空気の音――それがなんの隔たりもなく鼓膜を揺らす。けがれが浄化されるのに伴う虚無感を、潤は目を閉じて受け入れた。
雑踏や喧噪など、今までなら聞いているだけで不快になる音だった。
人間の欲が作り出すものとしか捉えていなかった。
それが、今は少し違う。無欲な純粋なものが出す音もあるのだと知った。
それは潤にとって大きな変化だった。少しばかり純粋になれた気さえする。いや、純粋になったのだ。
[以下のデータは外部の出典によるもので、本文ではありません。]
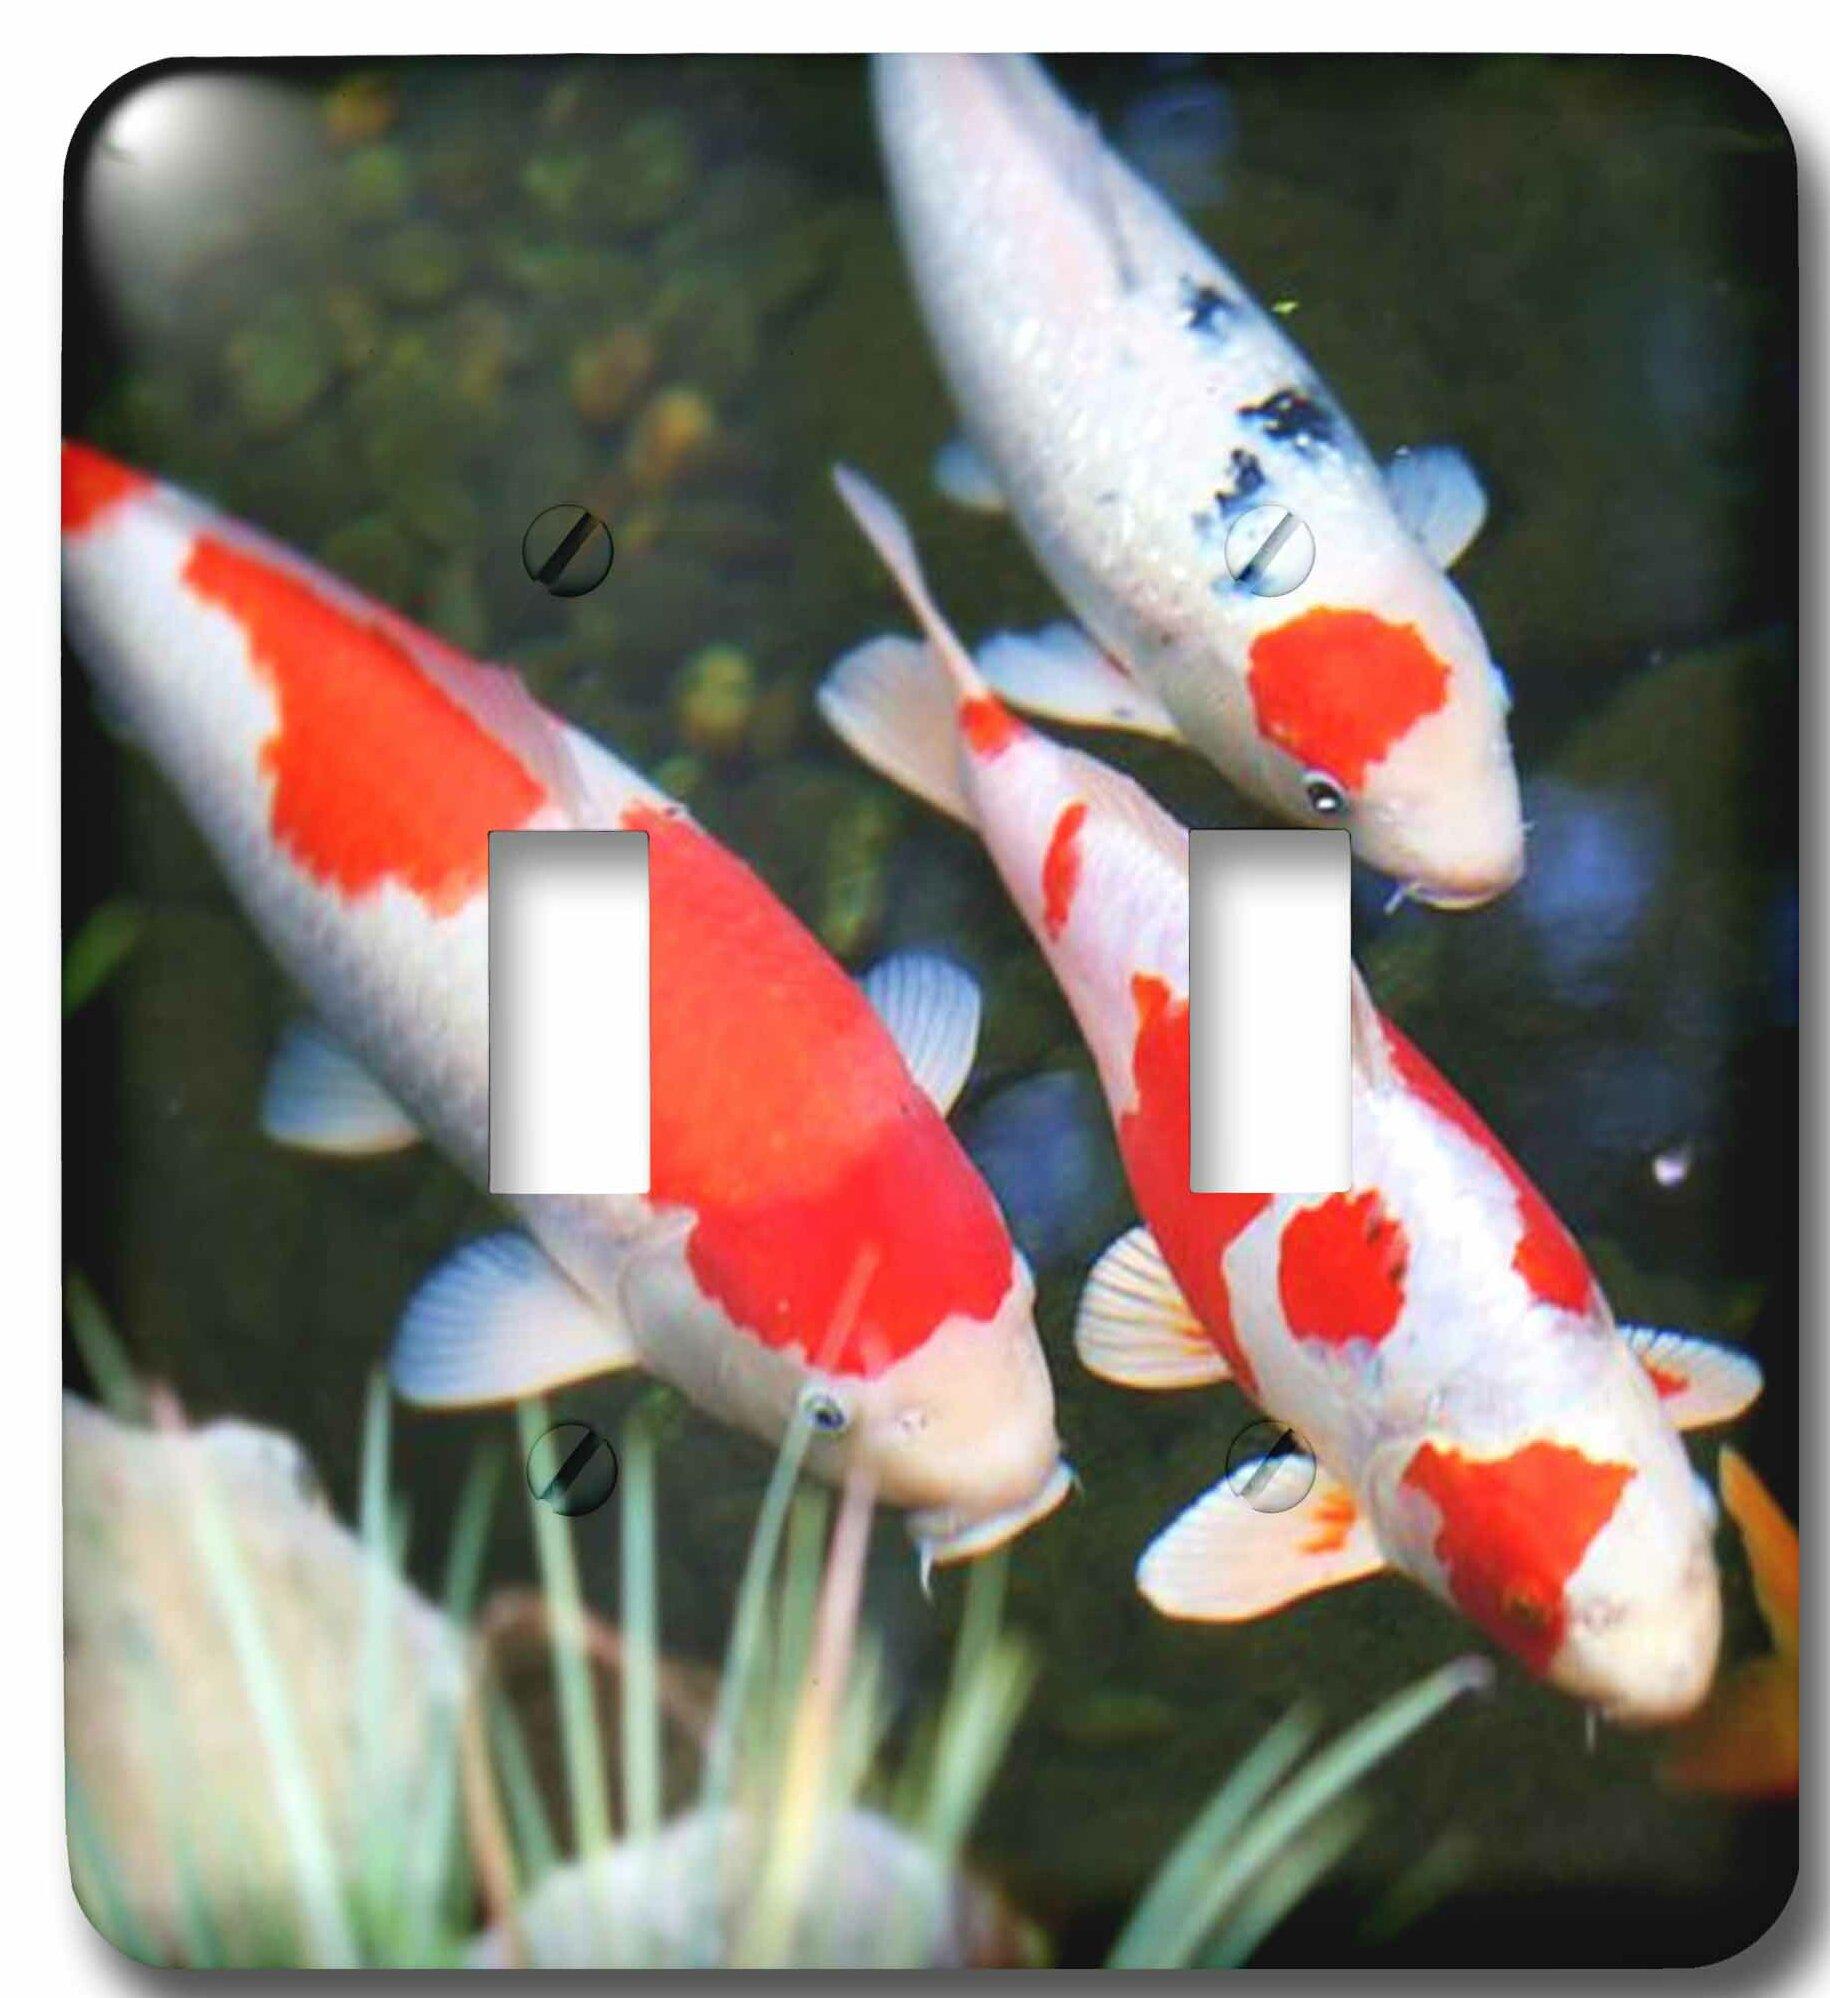 3drose Japanese Koi Fish 2 Gang Toggle Light Switch Wall Plate Wayfair

「おれの夢ってさ」十織は静かに言った。「まさにこれだったりもするんだ」
「これ?」
「この、特別なことはなにもしないっていう。友達と、ただいるだけって」
「へええ。本当に友達いないんだな」
「いないよ。ななのことはそれっぽい相手だと思ってたけど――」
「そうじゃなかったしな」と笑った声がそうじゃなかったしと笑った十織の声と重なった。
「だから、露木君に会えたのは本当に幸運だと思ってる」
「そんなのが幸運だなんて、よほど不運に見舞われた人生だったんだな」
「そんなことはないと思うけどね」
「まじでか」
「ほら――」
おれって変人だからと、十織は苦笑した。